Connecting the Dots: Privacy Leakage via Write-Access Patterns to the Main Memory
Published In: IEEE Transactions on Dependable and Secure Computing, 2017.
Abstract: Data-dependent access patterns of an application to an untrusted storage system are notorious for leaking sensitive information about the user’s data. Previous research has shown how an adversary capable of monitoring both read and write requests issued to the memory can correlate them with the application to learn its sensitive data. However, information leakage through only the write access patterns is less obvious and not well studied in the current literature. In this work, we demonstrate an actual attack on power-side-channel resistant Montgomery’s ladder based modular exponentiation algorithm commonly used in public key cryptography. We infer the complete 512-bit secret exponent in ~3-5 minutes by virtue of just the write access patterns of the algorithm to the main memory. In order to learn the victim algorithm’s write access patterns under realistic settings, we exploit a compromised DMA device to take frequent snapshots of the application’s address space, and then run a simple differential analysis on these snapshots to find the write access sequence. The attack has been shown on an Intel Core(TM) i7-4790 3.60GHz processor based system.
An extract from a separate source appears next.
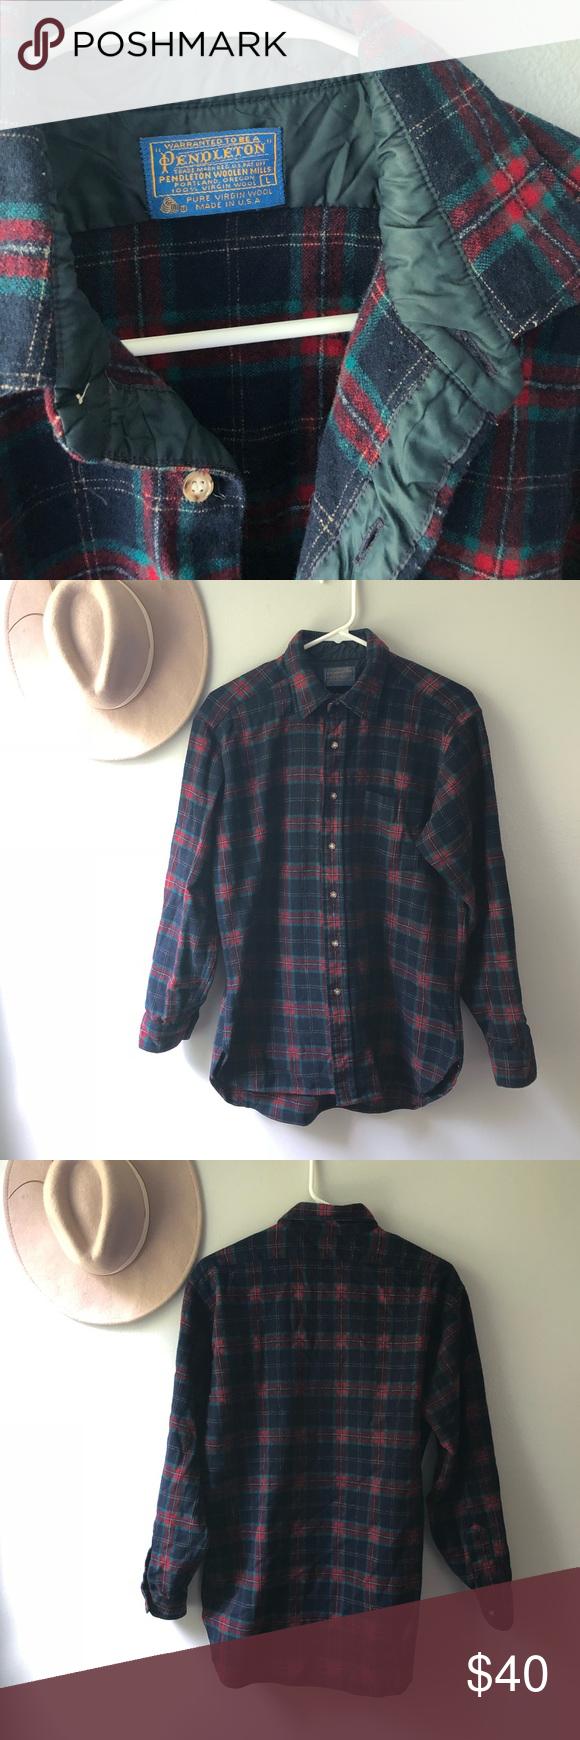 Flannel shirt vintage  Vintage Pendleton flannel shirt  My Posh Closet  Pinterest

We further discuss a possible attack on McEliece public-key cryptosystem that also exploits the write-access patterns to learn the secret key.
Leveraging Hardware Isolation for Process Level Access Control & Authentication
Published In: ACM Symposium on Access Control Models and Technologies, 2017.
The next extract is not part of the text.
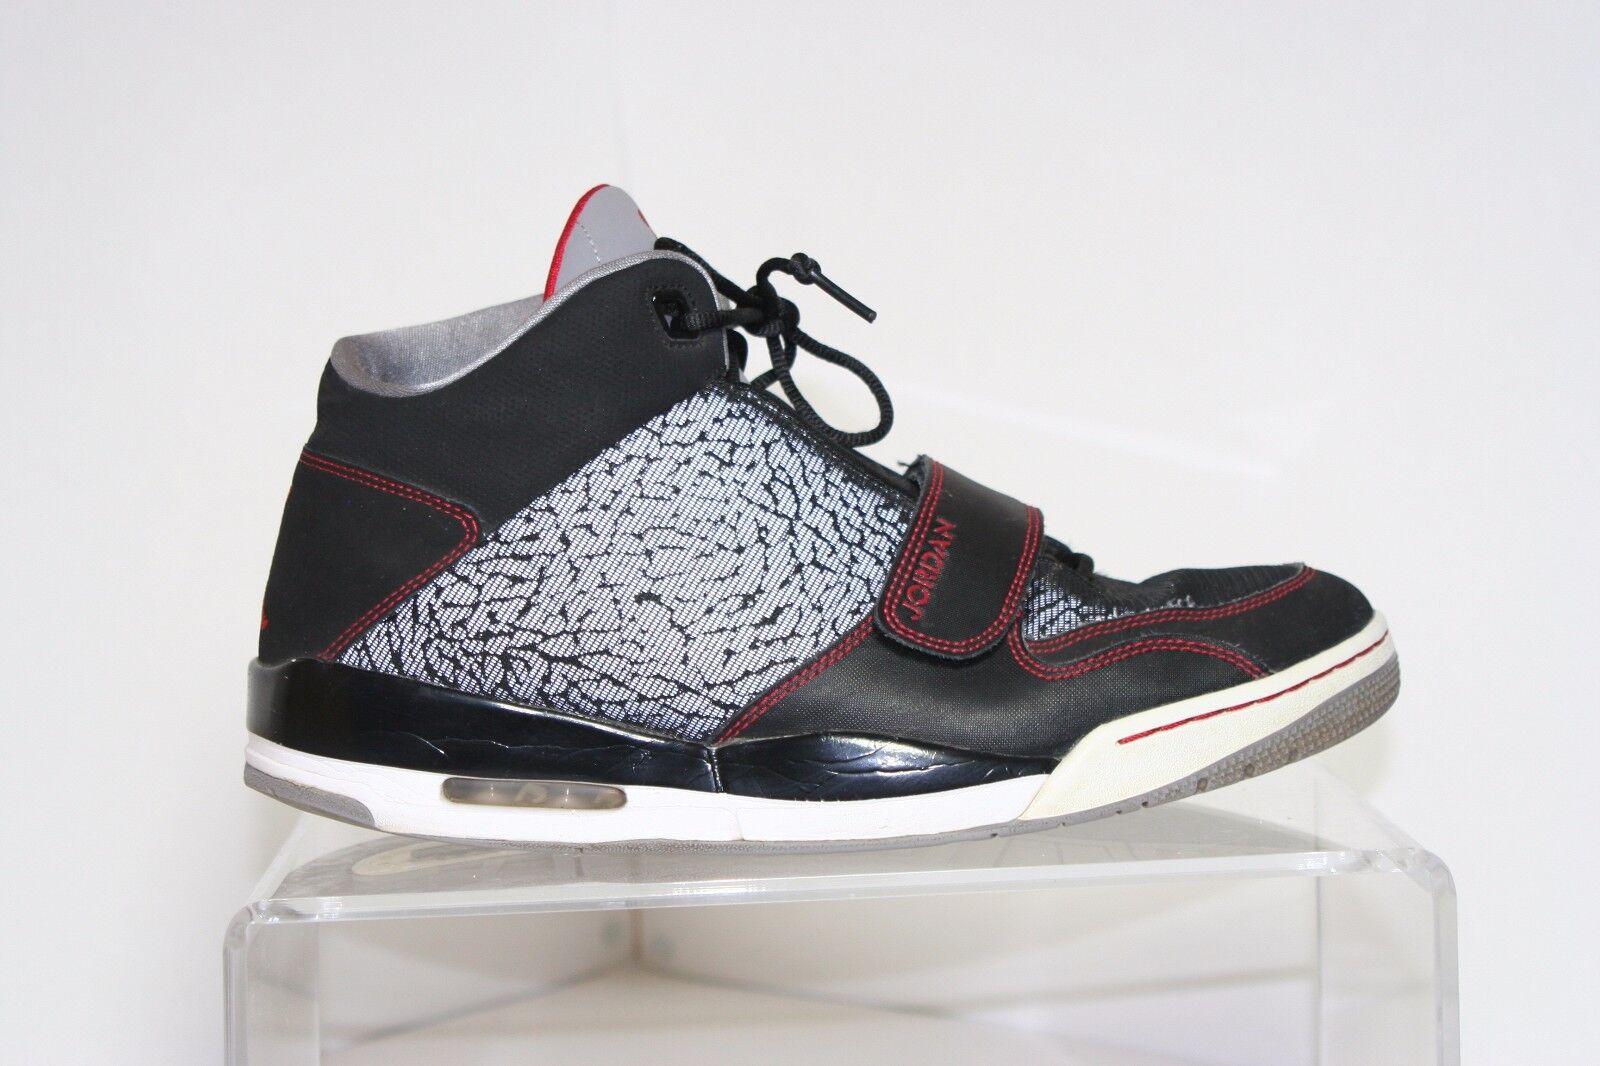 Nike Jordan Flight Club '90 Sneakers Athletic Multi Bred Men's 12 Hipster

Abstract: Critical resource sharing among multiple entities in a processing system is inevitable, which in turn calls for the presence of appropriate authentication and access control mechanisms. Generally speaking, these mechanisms are implemented via trusted software “policy checkers” that enforce certain high level application-specific “rules” to enforce a policy. Whether implemented as operating system modules or embedded inside the application ad hoc, these policy checkers expose additional attack surface in addition to the application logic. In order to protect application software from an adversary, modern secure processing platforms, such as Intel’s Software Guard Extensions (SGX), employ principled hardware isolation to offer secure software containers or enclaves to execute trusted sensitive code with some integrity and privacy guarantees against a privileged software adversary. We extend this model further and propose using these hardware isolation mechanisms to shield the authentication and access control logic essential to policy checker software. While relying on the fundamental features of modern secure processors, our framework introduces productive software design guidelines which enable a guarded environment to execute sensitive policy checking code -- hence enforcing application control flow integrity -- and afford flexibility to the application designer to construct appropriate high-level policies to customize policy checker software.